Ожидание не замедлило оправдаться. Рядом кто-то зашевелился, тихо пробормотал ее имя и обнял ее. Ринка лениво приоткрыла глаза – мимолетно задумавшись о том, что в этом мире ей снятся удивительно яркие и реалистичные сны! – и обнаружила мужскую руку поперек собственной груди. Обнаженной груди. Судя по ощущениям, мужчина рядом был в таком же виде.
«Непременно досмотрю сон до конца!» – решила Ринка, отлично понимая, что это именно сон. В дивном новом мире не придумали еще джаза, а спят тут исключительно в пижамах. Да и мужчине в ее постели взяться совершенно неоткуда.
«Кто же мне снится, супруг или?..»
Она задумчиво провела ладонью по мужскому запястью, покрытому тонкими темными волосками. В брачном браслете, кстати – так что по идее должен быть супруг.
Очень удачно, что Людвиг – всего лишь сон! Во сне можно забыть про обиды и прочую чушь, и просто наслаждаться его объятиями. Горячими. Очень горячими!
Улыбнувшись своим мыслям, Ринка слегка пошевелилась, потершись бедрами о самую горячую часть мужского тела, и с удовлетворением почувствовала, как ее прижали теснее, сонно поцеловали в плечо и погладили ее грудь.
Очень нежно, почти невесомо, и тут же сжали, и снова погладили нежно.
– Моя Рина, – прошептал такой знакомый низкий голос, и все ее тело отозвалось горячей нетерпеливой истомой.
А потом рука Людвига – наверное, это все же был он? – спустилась ниже, рождая в ее теле волшебную дрожь и жар, и огладила ее живот, задержавшись в коротких завитках. Ринка нетерпеливо застонала и чуть подалась вперед. Мужчина позади нее тут же притянул ее обратно…
Резко. Глубоко. Именно так, как ей хотелось.
И тут же перевернул ее на живот, раздвинул коленом ее ноги…
Она вскрикнула и вцепилась обеими руками в простыню, подаваясь ему навстречу, жмурясь от разливающегося по всему телу удовольствия…
Кажется, кончая, она кричала его имя – или не его, какая во сне разница? Главное, ей было безумно хорошо! Вот так, чтобы он продолжал вбиваться в нее, чтобы его ладони сжимали ее бедра, чтобы он не останавливался!
Боже, она что, во второй раз?..
– Людвиг… еще! – всхлипнула она и чуть не закричала от разочарования – он вышел, отстранился… – Черт… Людвиг!
Не желая терпеть ни мгновения, Ринка развернулась, толкнула его в грудь и оседлала. Он тут же подхватил ее за бедра, направляя и поддерживая, подлаживаясь под ее темп. Всего несколько движений – еще глубже и полнее, еще лучше! – она застонала, жмурясь и запрокидывая голову, упершись обеими руками в его грудь и чувствуя, как он содрогается в ней, как вибрирует под ее ладонями, выстанывая ее имя…

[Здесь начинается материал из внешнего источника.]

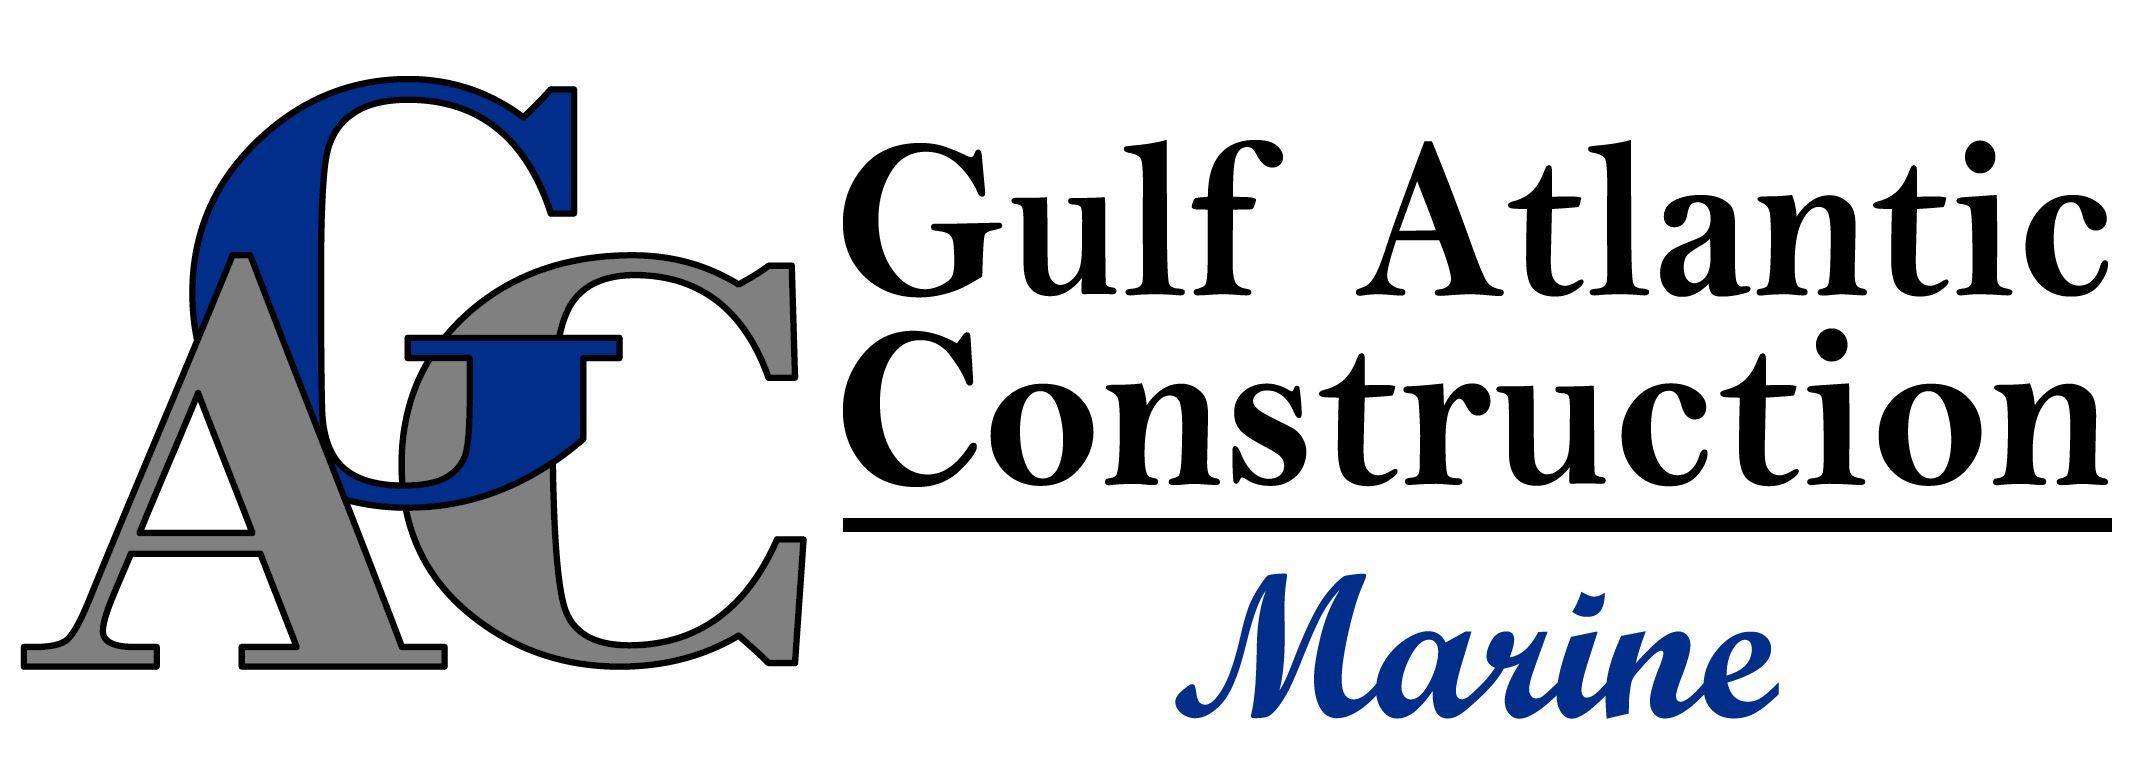 Gulf Atlantic Construction & Marine

– Боже, чтобы мне каждую ночь такое снилось, – пробормотала она, падая ему на грудь и прижимаясь всем телом.
Ее тут же обняли, зарылись пальцами в ее волосы и нежно, безумно нежно поцеловали в макушку.
– Ты вкусно пахнешь, – расслабленно и довольно шепнул Людвиг. – Моя маленькая, упрямая козочка.
– Козочка? – лениво возмутилась Ринка. – Почему это вдруг?
– Козочки милые, когда не бодаются и не удирают через забор. Ты похожа на маленькую беленькую козочку. Такую, знаешь, пушистую и невинную. А потом ка-ак взбрыкнешь!
Людвиг тихо рассмеялся. Так странно и здорово было чувствовать, как он смеется, лежа у него на груди и чувствуя вибрацию всей кожей.
– Неправда, я не взбрыкиваю. Я хорошая. И мне нравится заниматься с тобой любовью. Ты красивый и нежный. Почему ты только во сне нежный? Так не честно.
Ринка лениво погладила его сначала по груди, а потом по лицу. Ей безумно нравилось его гладить! Даже больше, чем драконье яйцо. И у него почему-то совсем не было щетины, щеки были гладкие, почти как у нее самой. Наверное, потому что это сон.
– Не знаю, – так же расслабленно ответил Людвиг, ловя ее руку и поднося к губам. – Так получается.
– Хочу, чтобы ты был таким всегда… да, сделай так еще! – если бы она была кошкой, то сейчас бы мурлыкала. Боже, как у него так получается целовать ее пальцы, что она с ума сходит от наслаждения? Наверное, это магия.
И то, что он снова твердый внутри нее – тоже магия. Или сон. Какая ко всем Ктулху разница!
Ринка сжалась – и он замер, рвано вдохнул. А она приподнялась и заглянула ему в лицо, с удивлением отметив, что во сне у него опять синие глаза. Безумно красивые. И весь он… весь он – совершенство! А еще она хочет знать, как он целуется!
Потянувшись к нему, она шепнула:
– Ты, гад чешуйчатый, ни разу меня толком не поцеловал. Тебе не стыдно?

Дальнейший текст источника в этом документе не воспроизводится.